Living with Paradox Living with Paradox Living with Paradox Living with Paradox Living with Paradox Living with Paradox Living with Paradox

Living with Paradox

Raising children requires me to live in the tension between life’s natural paradoxes.  A paradox happens when two separate and opposing life truths are in simultaneous operation in one day in my life.

Yesterday I picked up my daughter from school.  As I heaved her 20 lb. backpack (no lie, I weighed it) into the car, I wrestled to find my way between the paradox of two great proverbs:

  • 1. “Prepare the child for the path, not the path for the child.”
  • 2. “Beware becoming a boiled frog.”

Preparing the child for the path would require me to accept the sheer mass of homework coming home and to purchase a roller back pack.  I see many elementary school age children wheeling their back packs around these days.  However, I am left to wonder, what path are they on exactly?  Are they in pursuit of a kind of academic excellence I could never have imagined in my elementary school days?  Perhaps these children are headed toward the house of tomorrow (K. Gilbran), and I must acknowledge the journey and help prepare my kids with the proper equipment.

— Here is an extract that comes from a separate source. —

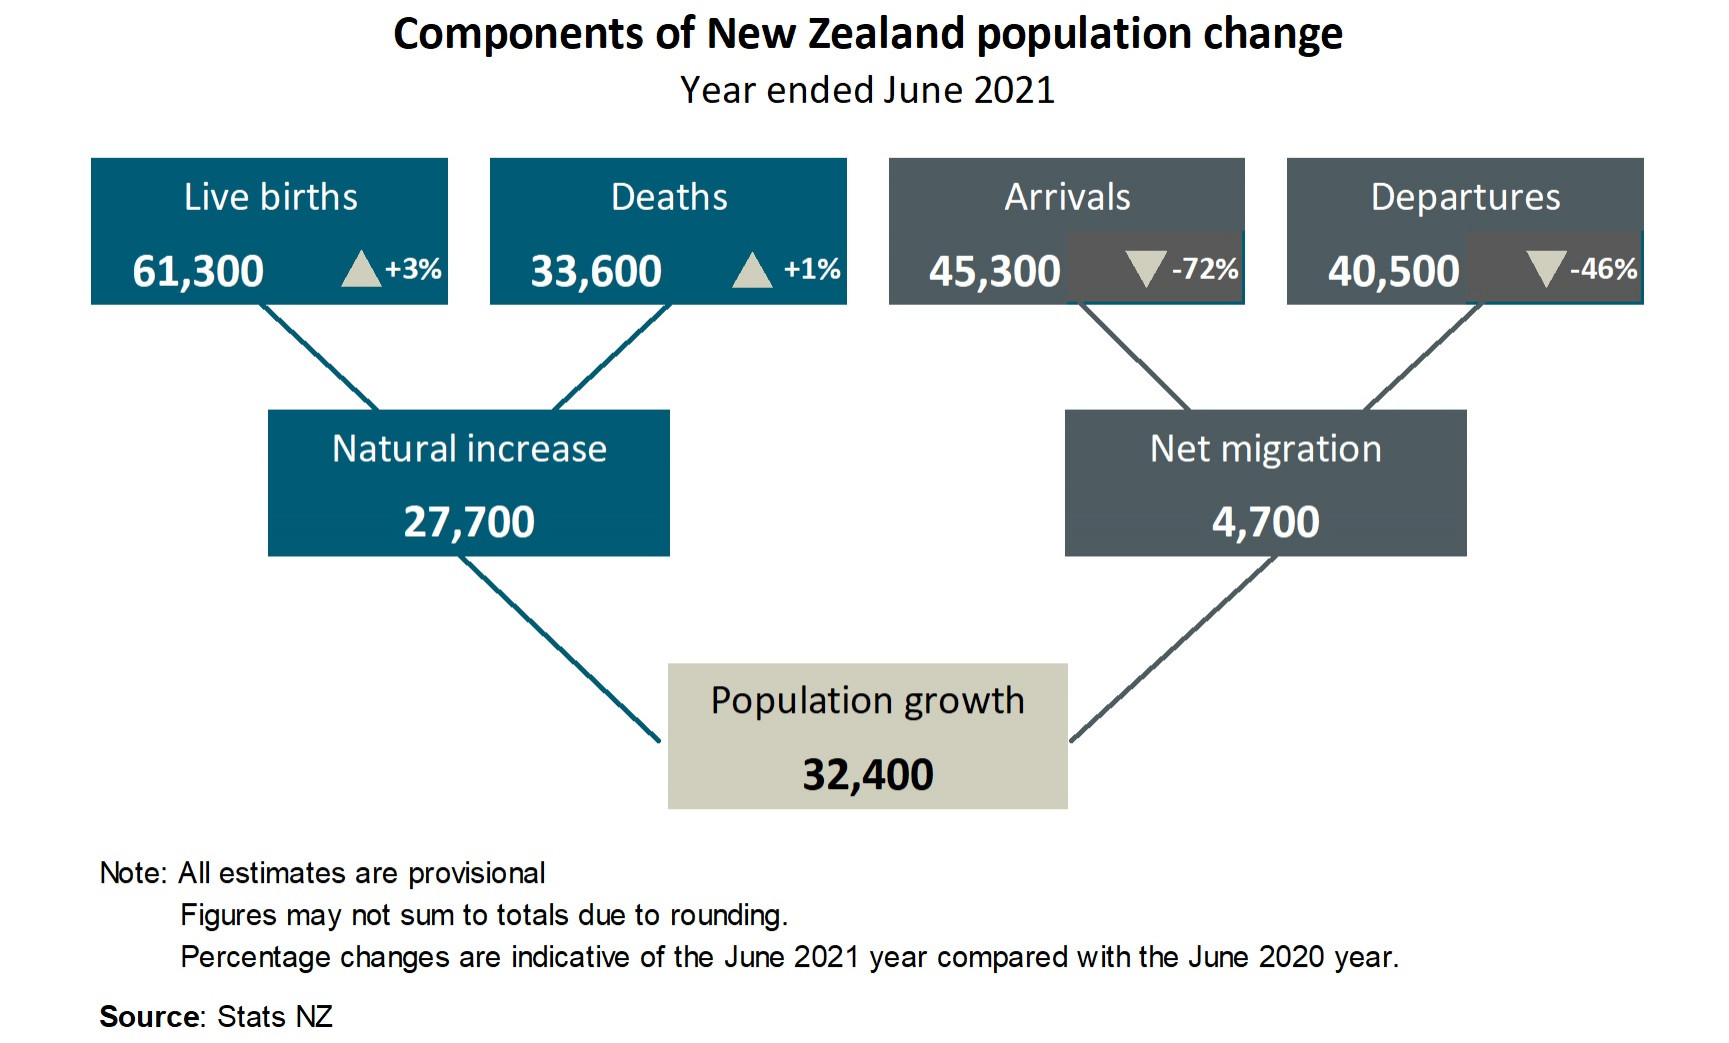 Diagram showing components of New Zealand population change, year ended June 2021. Text alternative available below diagram.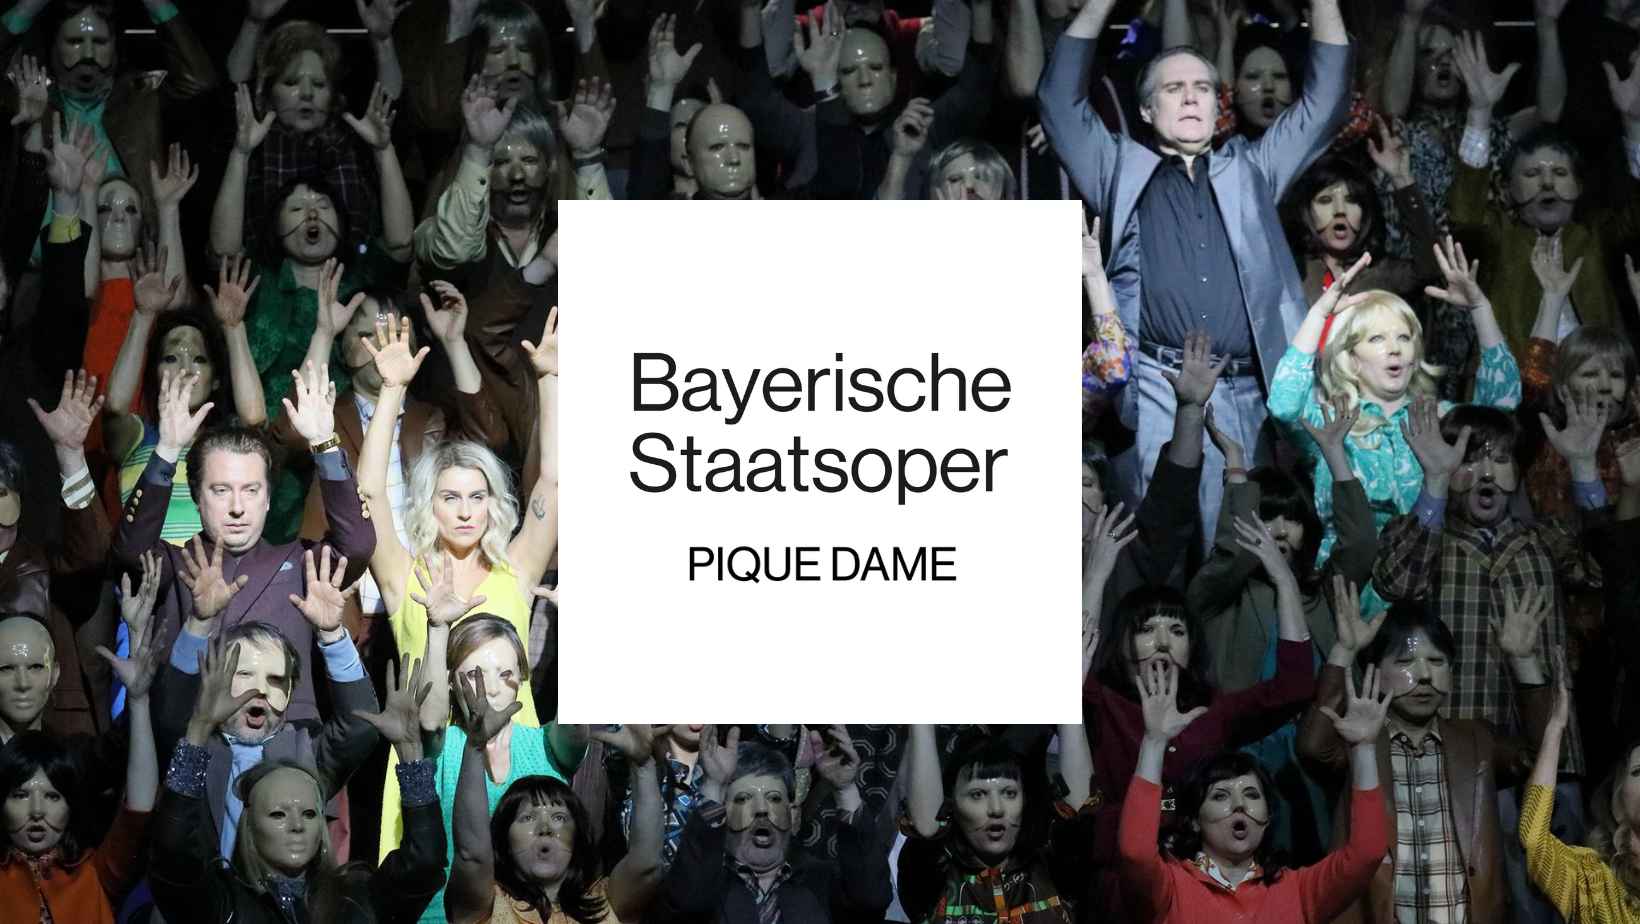 Bayerische Staatsoper presents a new Pique Dame production with a stellar cast 
 

And yet, boiled frogs become cooked by degrees as they accept and adapt to each new increase in the temperature of the water.  Adaptation is what good amphibians do.  The dead frog kept preparing himself for the path he was on, all the while never stopping to wonder if the path might need some adjustment – like a temperature change.

So, what is a mother to do?  My fundamental problem of course is that I do not believe an elementary school student should lug home 20 lbs of books and spend two hours working to keep up with and get ahead of the week’s homework.  I question the value of handwriting practice and mindless vocabulary drills, which research shows, will have little impact on a child’s overall handwriting skill and vocabulary development.

For right now, though, I chafe at the idea that my good ‘amphibian’ will boil herself (bow her spine and injure her shoulders) before she will question the path.  Any soul walking the path ought to have the option of speaking up to challenge the path and make some decision before they decide to hoof down the road with a heavily laden pack.  Right?

Of course, it is not my path.  I suppose that is the point.

Curse the American ideal which values the individual and her freedom above all else.  Why can’t I just fall into line like everyone else and allow my daughter to do whatever her teacher asks of her without question?

It is a simple paradox really, I wish for the humility to trust in the Path and my child’s house of tomorrow, but I also have deep concern for the frog.